UDF分为三种:
UDF :输入一行,返回一个结果 ;一对一;比如定义一个函数,功能是输入一个IP地址,返回一个对应的省份
UDAF:输入多行,返回一行;aggregate(聚合),count,sum这些是spark自带的聚合函数,但是复杂的业务,要自己定义
UDTF:输入一行,返回多行(hive);一对多;sparkSQL中没有UDTF,spark中用flatMap即可实现该功能
1.定义函数
2.注册函数
SparkSession.udf.register():只在sql()中有效
functions.udf():对DataFrame API均有效
3.函数调用
自定义函数实例
需求:用户行为喜好个数统计
新建hobbies.txt文件内容:
hobbies.txt:
alice jogging,Coding,cooking
lina travel,dance
输出数据格式:
alice jogging,Coding,cooking 3
lina travel,dance 2
<dependencies>
<dependency>
<groupId>junit</groupId>
<artifactId>junit</artifactId>
<version>4.12</version>
<scope>test</scope>
</dependency>
<dependency>
<groupId>org.scala-lang</groupId>
<artifactId>scala-library</artifactId>
<version>2.11.8</version>
</dependency>
<dependency>
<groupId>org.apache.spark</groupId>
<artifactId>spark-core_2.11</artifactId>
<version>2.1.1</version>
</dependency>
<dependency>
<groupId>log4j</groupId>
<artifactId>log4j</artifactId>
<version>1.2.17</version>
</dependency>
<dependency>
<groupId>org.apache.spark</groupId>
<artifactId>spark-sql_2.11</artifactId>
<version>2.1.1</version>
</dependency>
<dependency>
<groupId>org.apache.spark</groupId>
<artifactId>spark-hive_2.11</artifactId>
<version>2.1.1</version>
</dependency>
<dependency>
<groupId>mysql</groupId>
<artifactId>mysql-connector-java</artifactId>
<version>5.1.36</version>
</dependency>
<dependency>
<groupId>org.slf4j</groupId>
<artifactId>slf4j-api</artifactId>
<version>1.7.21</version>
</dependency>
</dependencies>
scala代码及结果:
import org.apache.spark.sql.SparkSession
//样例类
case class Hobbies(name:String,hobbies:String)
object SparkUDFDemo {
def main(args: Array[String]): Unit = {
val spark = SparkSession.builder().appName("SparkUDFDemo").master("local[*]").getOrCreate()

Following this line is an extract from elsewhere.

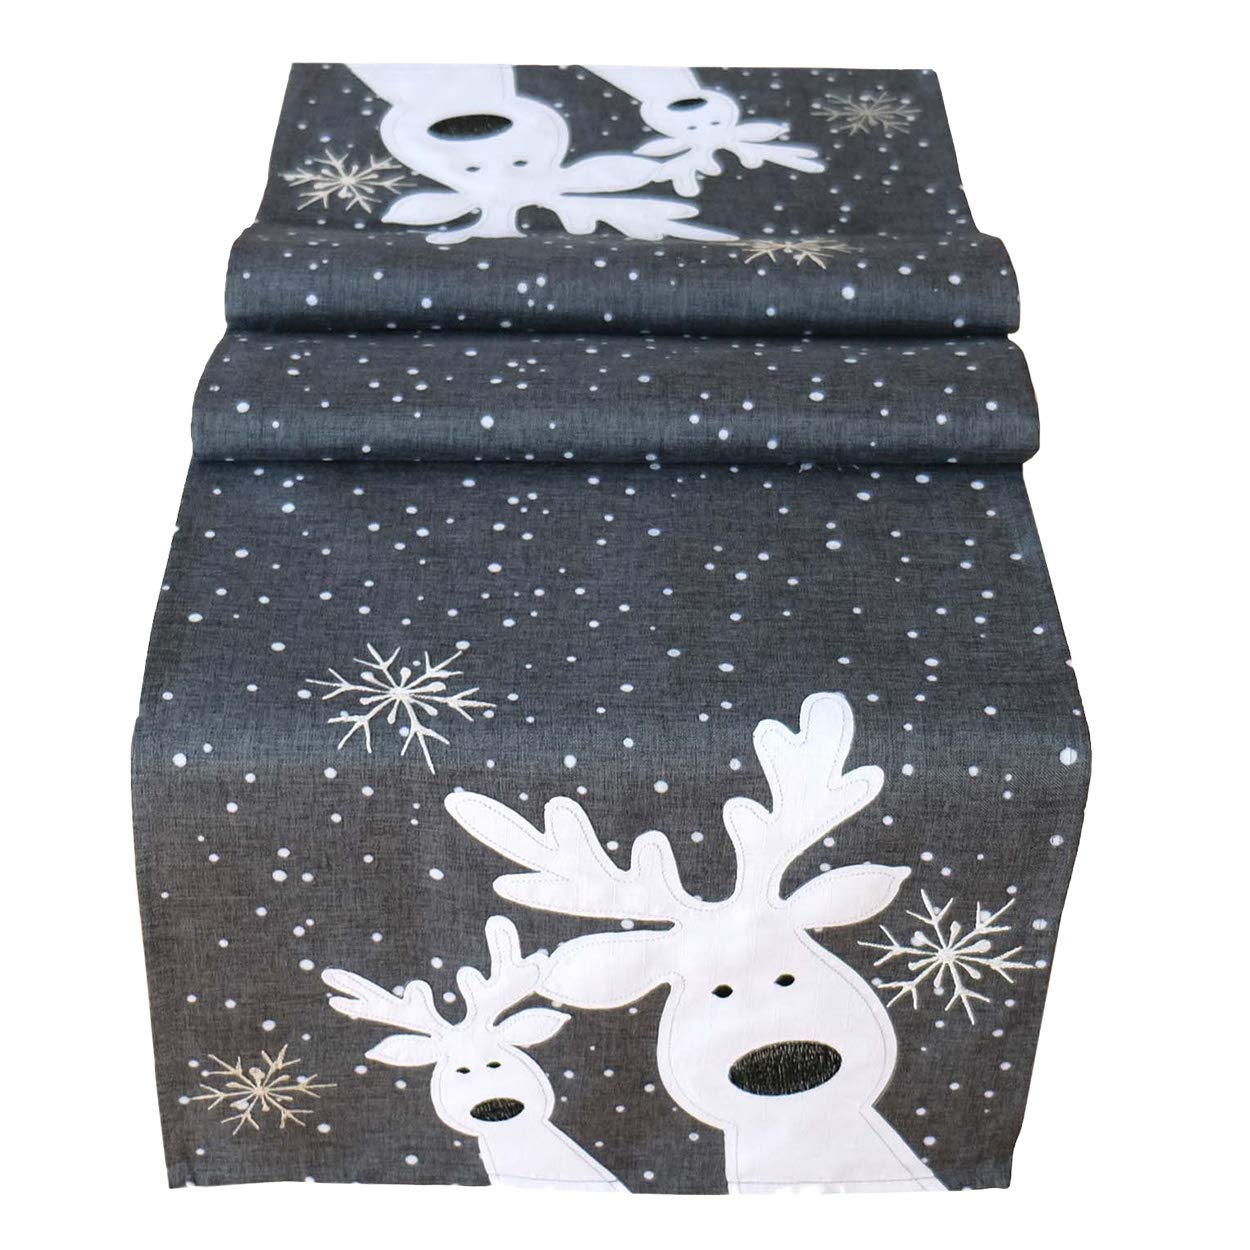 Tischläufer 40 x 85 cm grau weiß Silber, lustiger Elch, Rentier, Tischdecke, Weihnachten Weihnachtsdeko Weihnachtstischdecke kurz Raebel

val sc = spark.sparkContext
//读入文本文件RDD
val rdd = sc.textFile("in/hobbies.txt")
需要手动导入一个隐式转换,否则RDD无法转换成DF
import spark.implicits._
//分割、装入样例类中再转成DF文件
val df = rdd.map(x=>x.split(" ")).map(x=>Hobbies(x(0),x(1))).toDF()
df.printSchema()
df.show()
//创建临时视图表 表名为temptable
df.createOrReplaceTempView("temptable")
注册自定义函数,注意是匿名函数
//注册自定义函数名为hobby_num 以及编写隐式方法按照","分割 统计爱好数量
spark.udf.register("hobby_num",
(v:String)=>v.split(",").size
)
//spark sql 在查询语句中 使用自定义函数
//hobby_num(hobbies) 函数名为hobby_num,操作的字段名为hobbies
val frame = spark.sql("select name,hobbies,hobby_num(hobbies) as hobby_num from temptable")
frame.show()
}
}
//输出结果
root
|-- name: string (nullable = true)
|-- hob: string (nullable = true)
+-----+--------------------+
| name| hob|
+-----+--------------------+
|alice|jogging,Coding,co...|
| lina| travel,dance|
+-----+--------------------+
+-----+--------------------+---------+
| name| hob|hobby_num|
+-----+--------------------+---------+
|alice|jogging,Coding,co...| 3|
| lina| travel,dance| 2|
+-----+--------------------+---------+
新建user.json 文件内容:
{
"id": 1001, "name": "foo", "sex": "man", "age": 20}
{
"id": 1002, "name": "bar", "sex": "man", "age": 24}
{
"id": 1003, "name": "baz", "sex": "man", "age": 18}
{
"id": 1004, "name": "foo1", "sex": "woman", "age": 17}
{
"id": 1005, "name": "bar2", "sex": "woman", "age": 19}
{
"id": 1006, "name": "baz3", "sex": "woman", "age": 20}
scala代码及结果:
package sql1118
import org.apache.spark.sql.{
Row, SparkSession}
import org.apache.spark.sql.expressions.{
MutableAggregationBuffer, UserDefinedAggregateFunction}
import org.apache.spark.sql.types._
//自定义UDAF(多进一出)函数:读取json文件,求平均年龄
class MyAgeAvgFunction extends UserDefinedAggregateFunction{
//缓存区数据表结构
override def inputSchema: StructType = {
new StructType().add("age",LongType)
//StructType(StructField("age",LongType)::Nil)
}
//聚合函数返回值数据表结构
override def bufferSchema: StructType = {
new StructType().add("sum",LongType).add("count",LongType)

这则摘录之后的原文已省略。